Write out exactly the lines from the one containing "Israeli Minister of" to the end of the material, both ends included, and nothing else. Leave pictures out.

::: RAW DATA

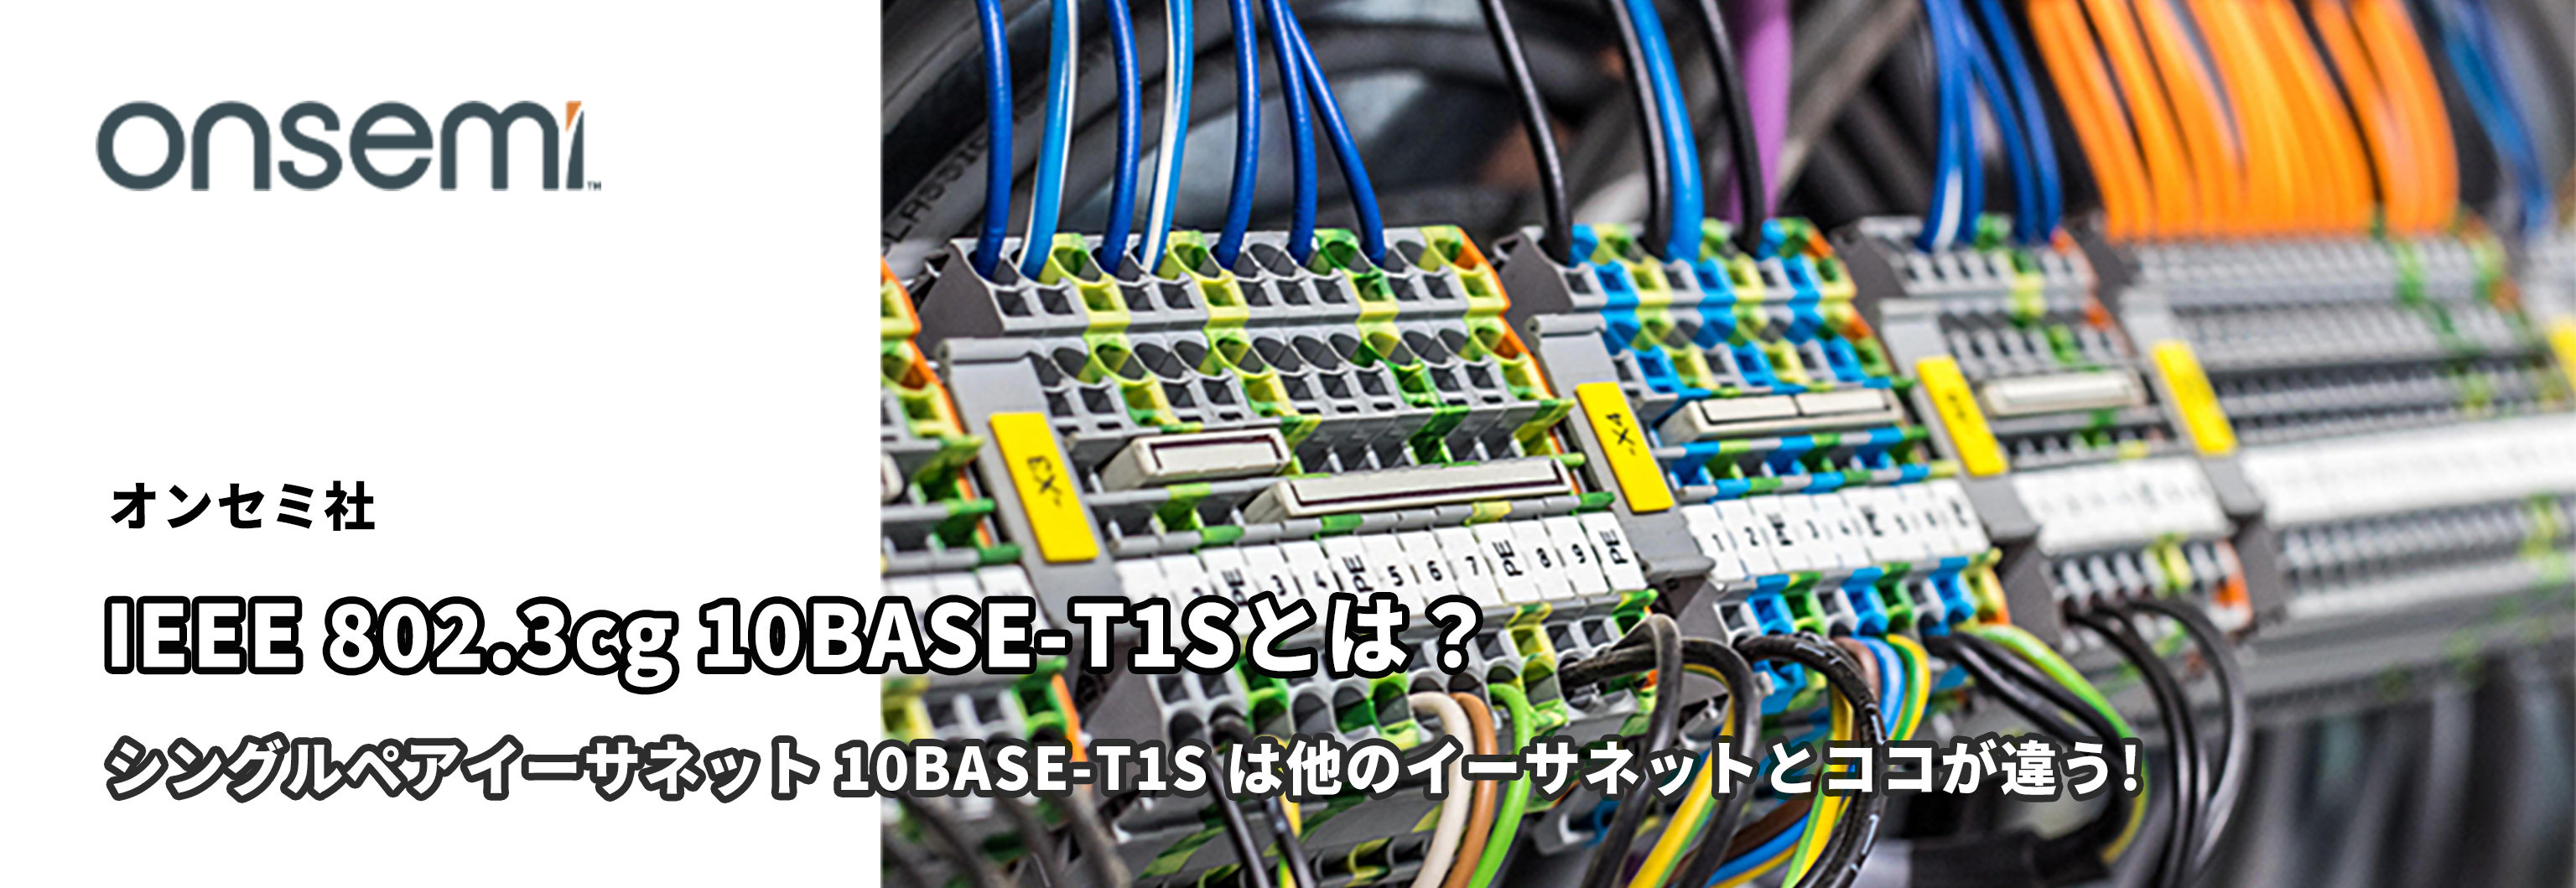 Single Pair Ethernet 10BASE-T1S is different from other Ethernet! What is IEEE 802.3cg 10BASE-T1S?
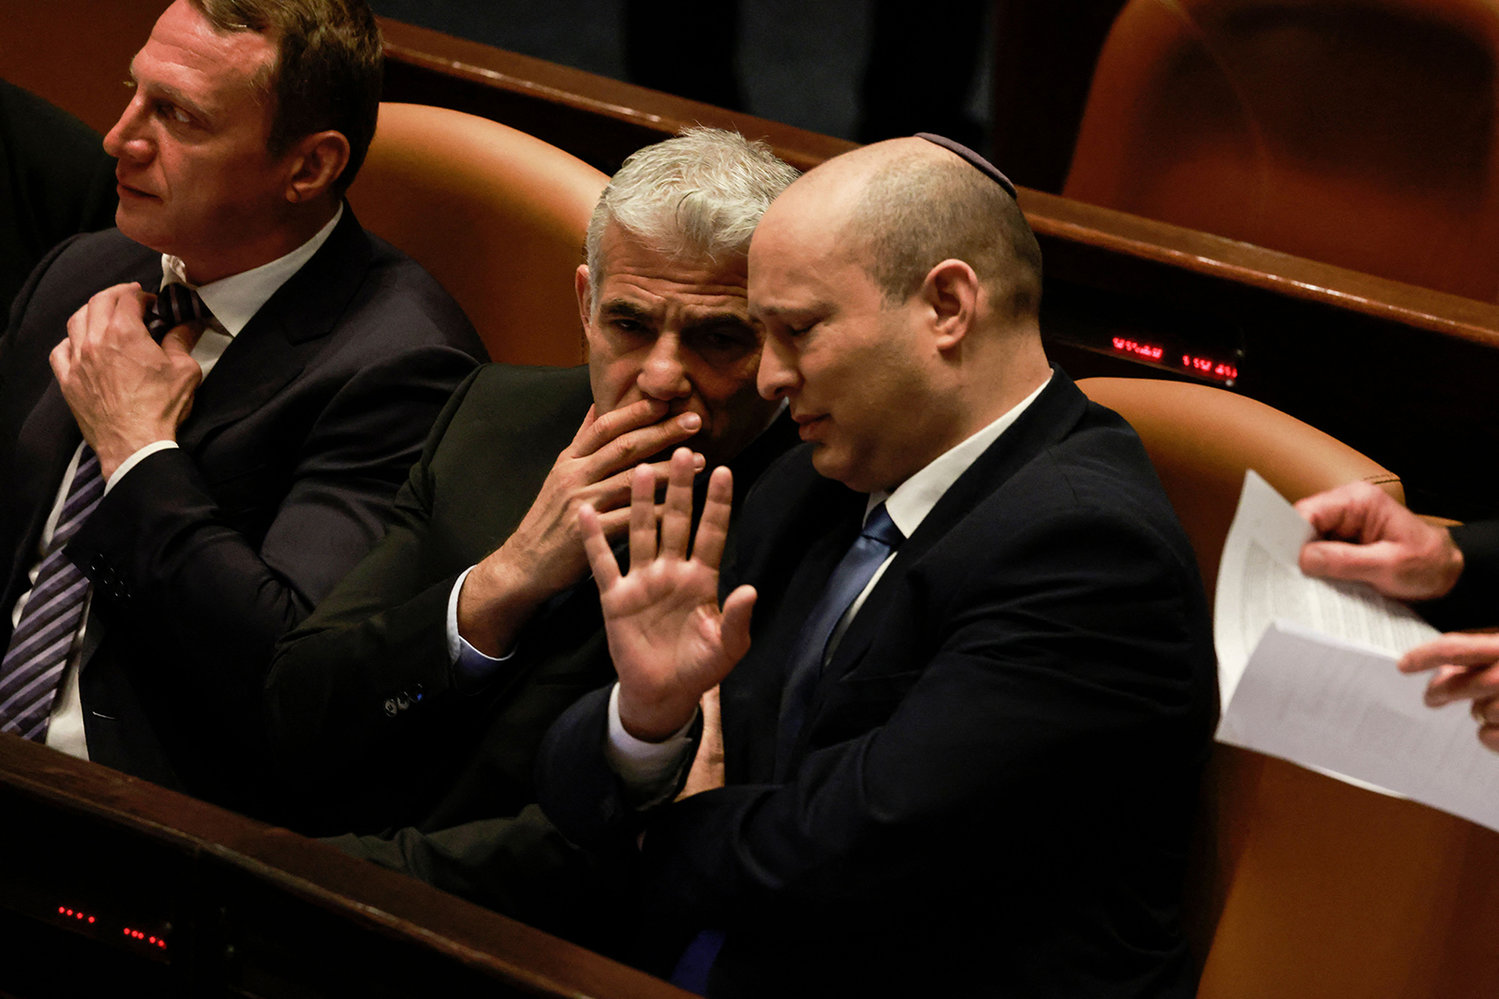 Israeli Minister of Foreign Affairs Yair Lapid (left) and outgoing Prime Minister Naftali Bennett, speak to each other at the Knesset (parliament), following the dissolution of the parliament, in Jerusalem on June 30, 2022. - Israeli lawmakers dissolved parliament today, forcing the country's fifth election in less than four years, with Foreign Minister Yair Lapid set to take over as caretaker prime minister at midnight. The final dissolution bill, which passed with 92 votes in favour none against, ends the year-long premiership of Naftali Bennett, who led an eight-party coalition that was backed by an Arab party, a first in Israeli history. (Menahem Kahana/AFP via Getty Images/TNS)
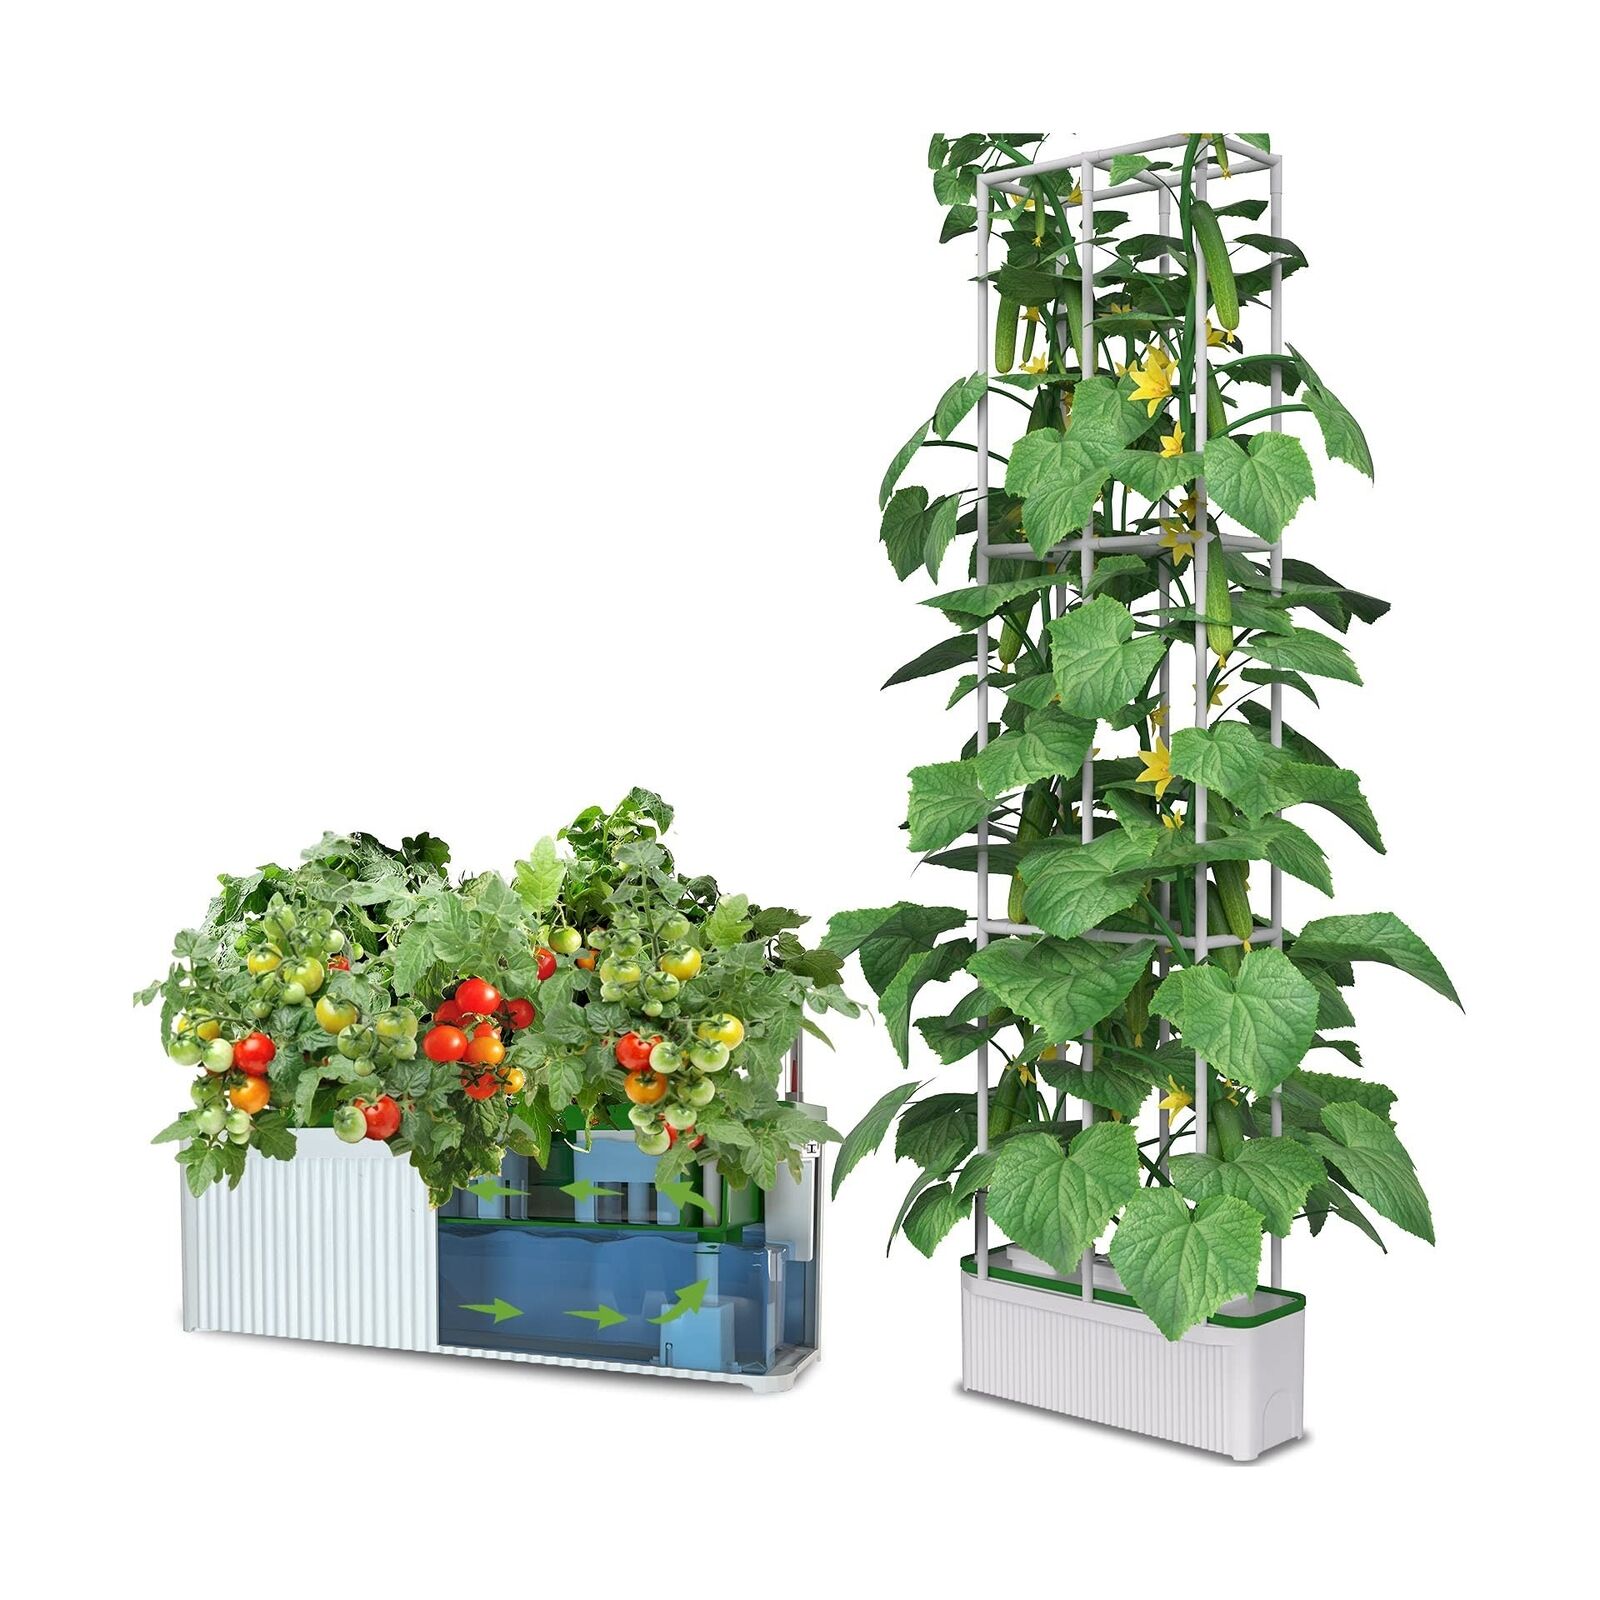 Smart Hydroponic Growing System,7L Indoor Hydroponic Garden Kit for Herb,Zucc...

::::::

_TASK ANSWER_
 Israeli Minister of Foreign Affairs Yair Lapid (left) and outgoing Prime Minister Naftali Bennett, speak to each other at the Knesset (parliament), following the dissolution of the parliament, in Jerusalem on June 30, 2022. - Israeli lawmakers dissolved parliament today, forcing the country's fifth election in less than four years, with Foreign Minister Yair Lapid set to take over as caretaker prime minister at midnight. The final dissolution bill, which passed with 92 votes in favour none against, ends the year-long premiership of Naftali Bennett, who led an eight-party coalition that was backed by an Arab party, a first in Israeli history. (Menahem Kahana/AFP via Getty Images/TNS)
 Smart Hydroponic Growing System,7L Indoor Hydroponic Garden Kit for Herb,Zucc...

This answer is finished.